Using the listing below, give again exactly the lines from the line with "Main Image - Brixton 'Grade' Snapback Cap" to the line with "Streik bei Amazon, Deutschland", inclusive, without the pictures.

● **DATA PROVIDED**:
****

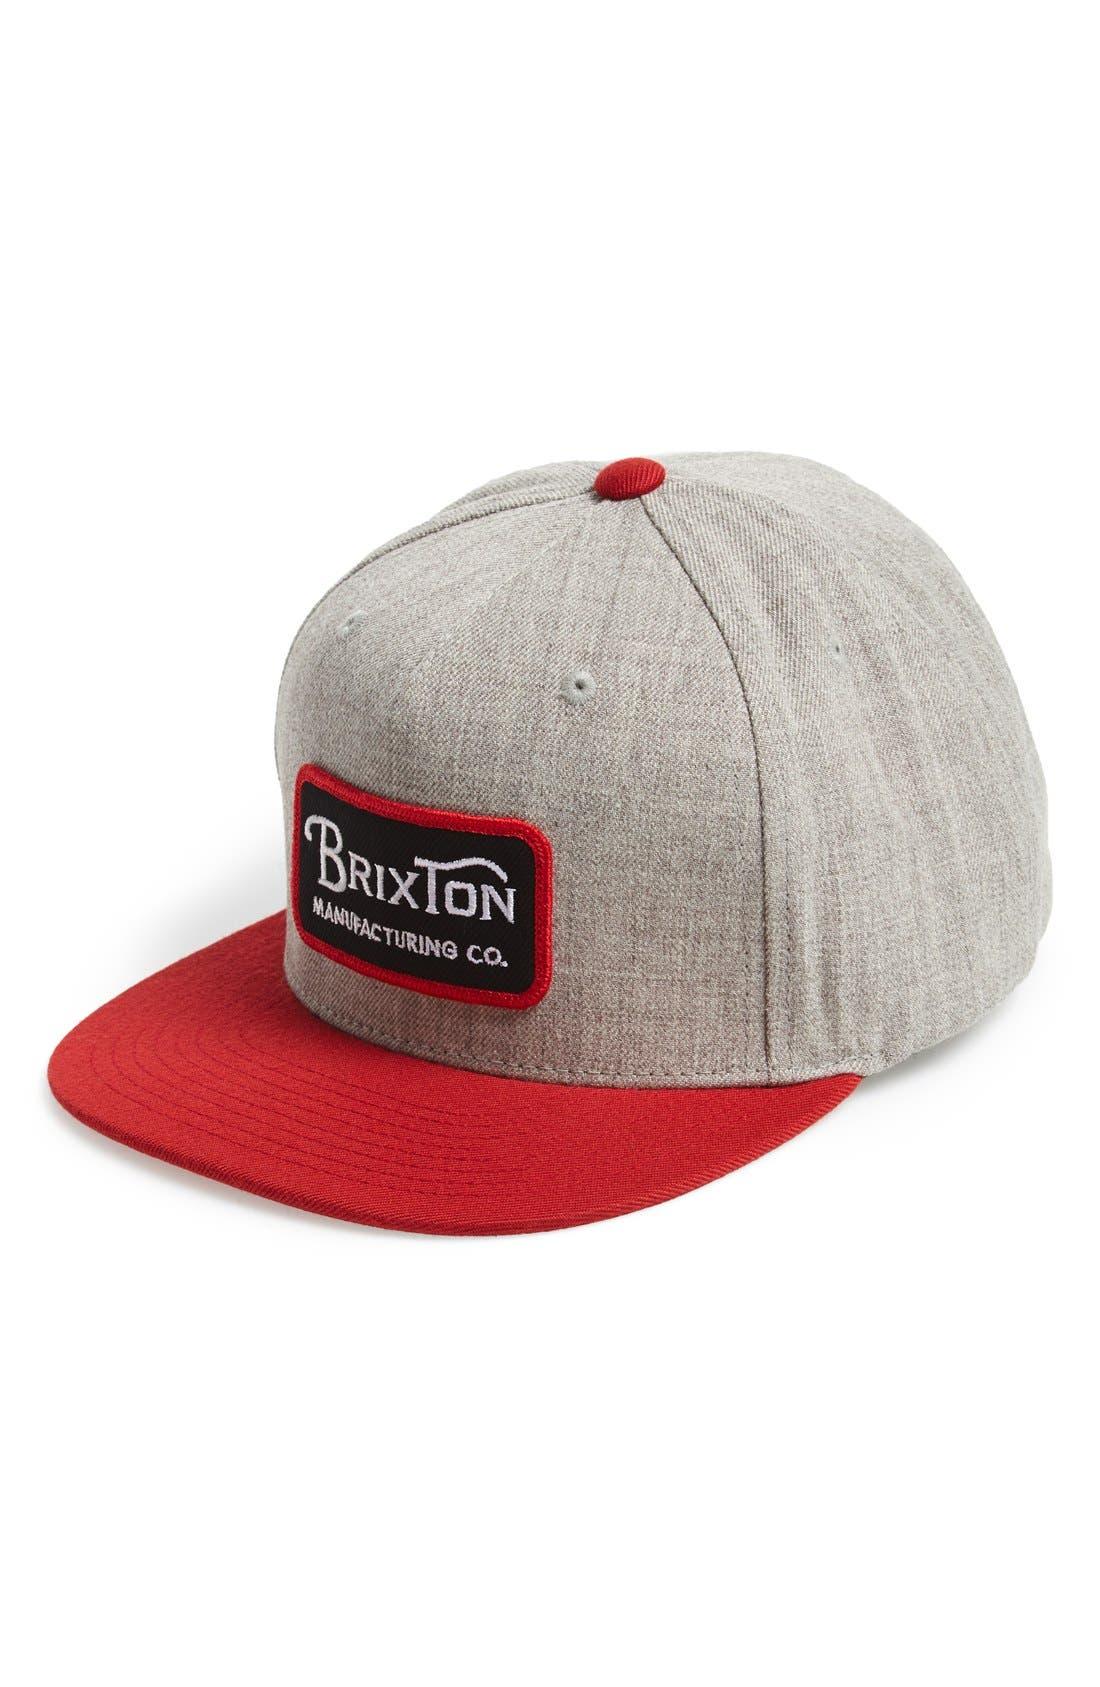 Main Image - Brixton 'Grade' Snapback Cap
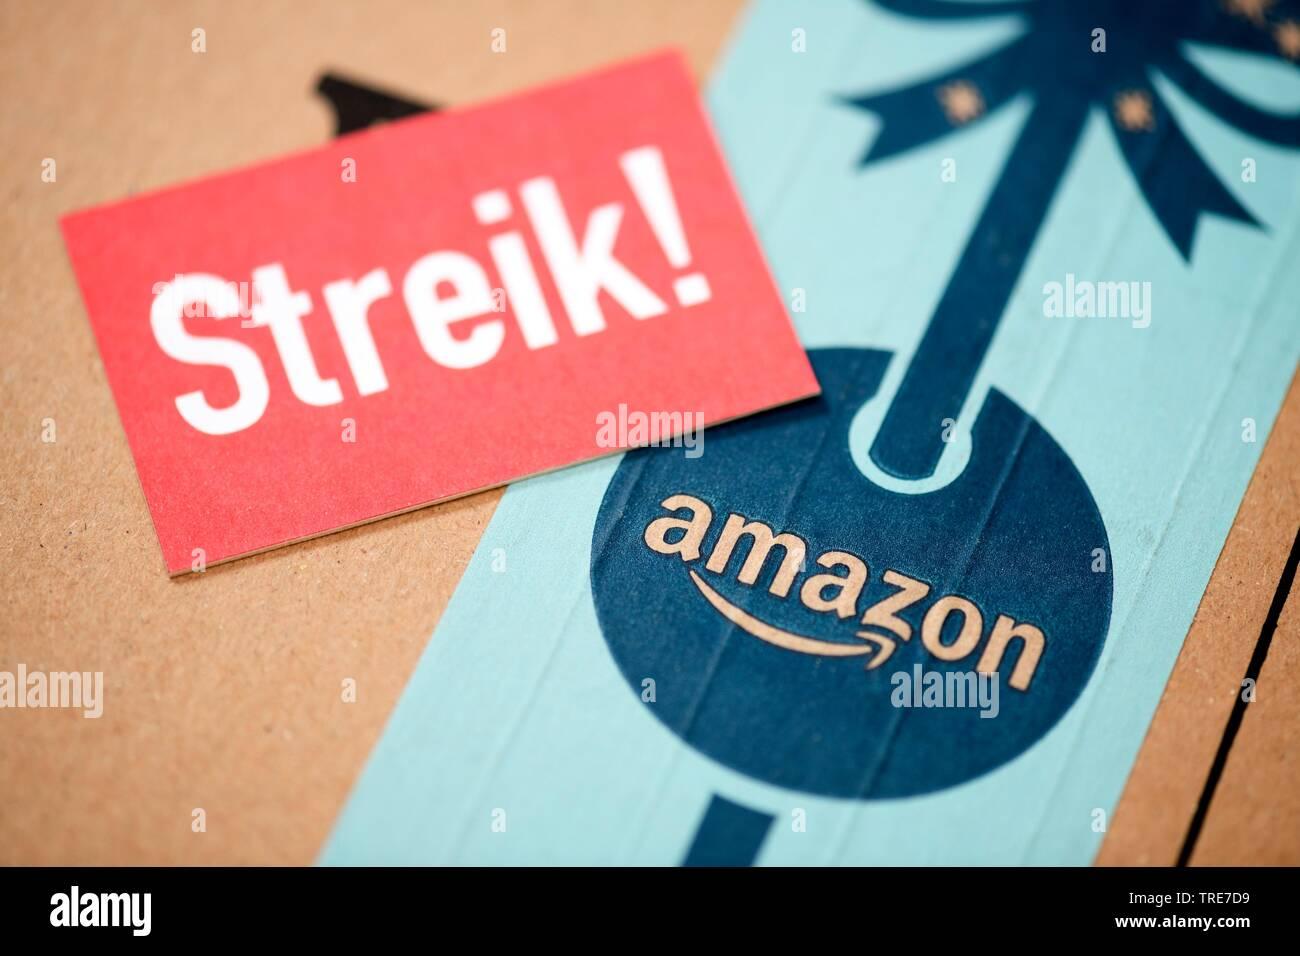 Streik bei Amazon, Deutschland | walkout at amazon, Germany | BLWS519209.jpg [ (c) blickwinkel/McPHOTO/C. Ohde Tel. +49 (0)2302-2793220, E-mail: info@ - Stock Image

****

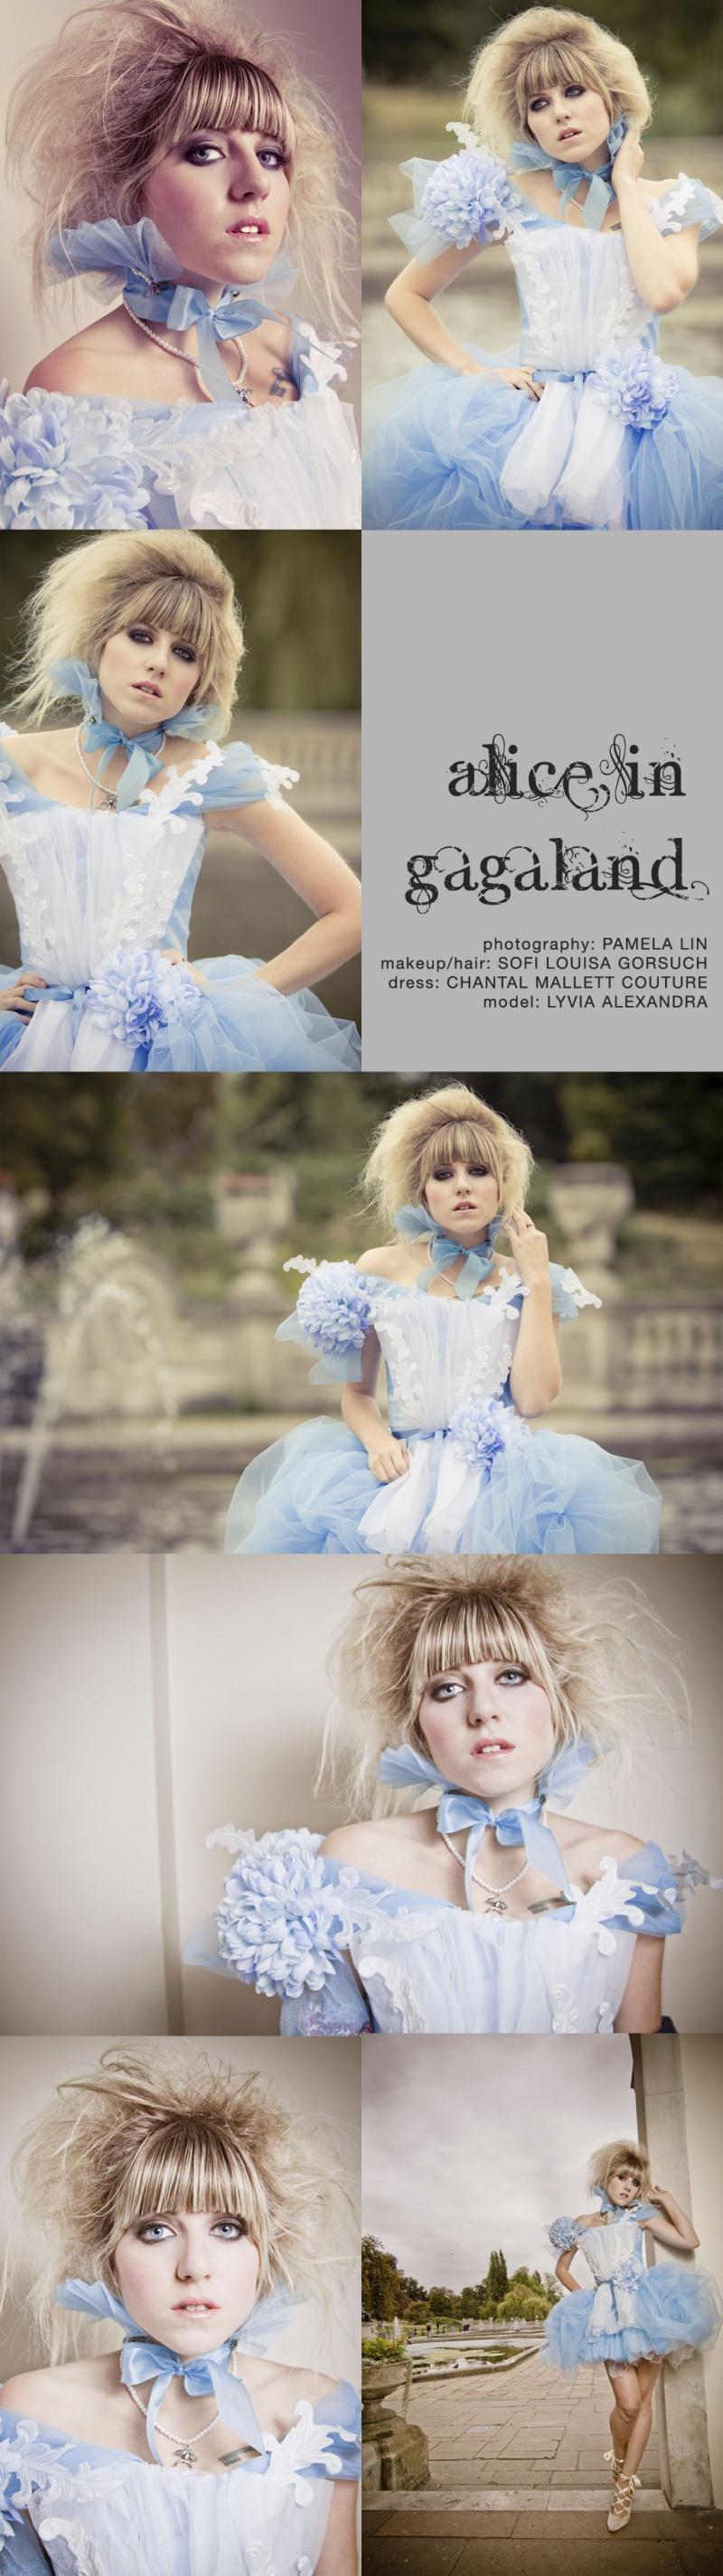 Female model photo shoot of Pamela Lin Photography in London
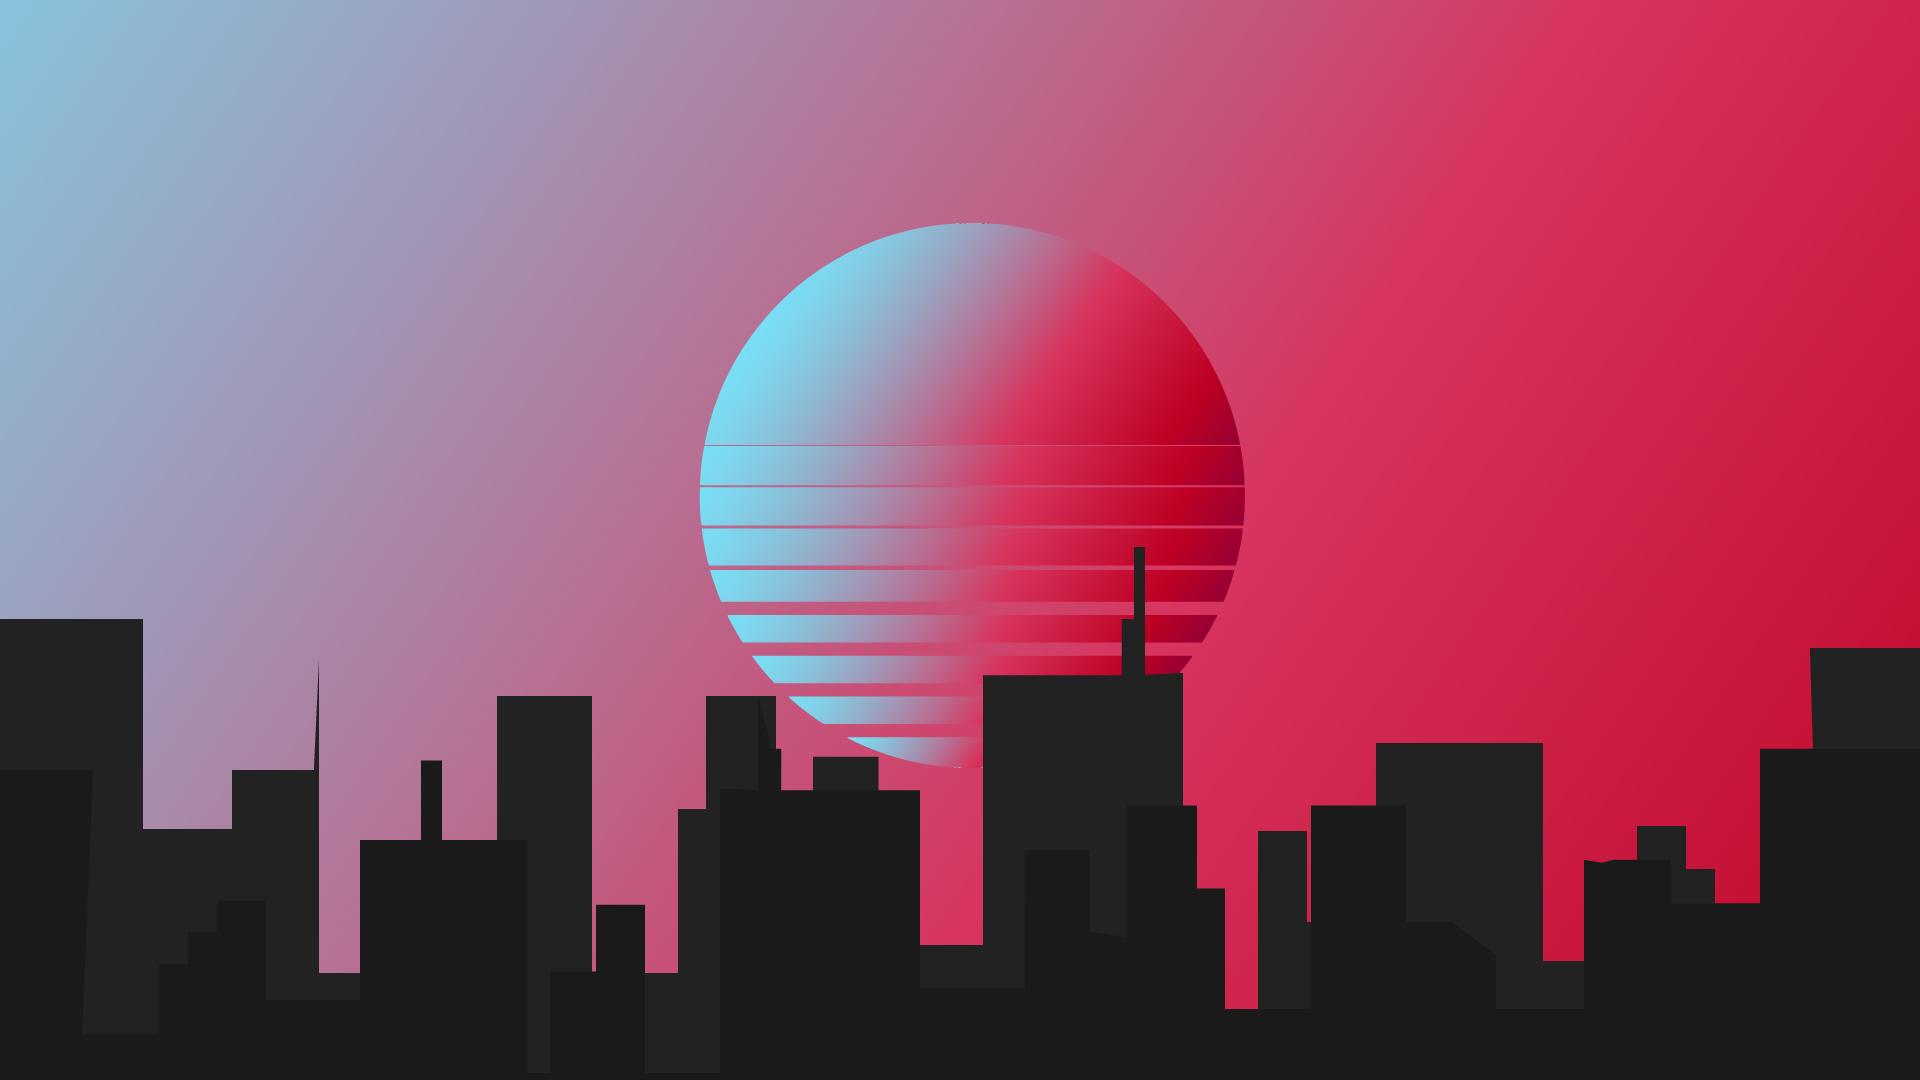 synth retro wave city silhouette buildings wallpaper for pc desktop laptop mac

****

● **YOUR SOLUTION**:
 Main Image - Brixton 'Grade' Snapback Cap
 Streik bei Amazon, Deutschland | walkout at amazon, Germany | BLWS519209.jpg [ (c) blickwinkel/McPHOTO/C. Ohde Tel. +49 (0)2302-2793220, E-mail: info@ - Stock Image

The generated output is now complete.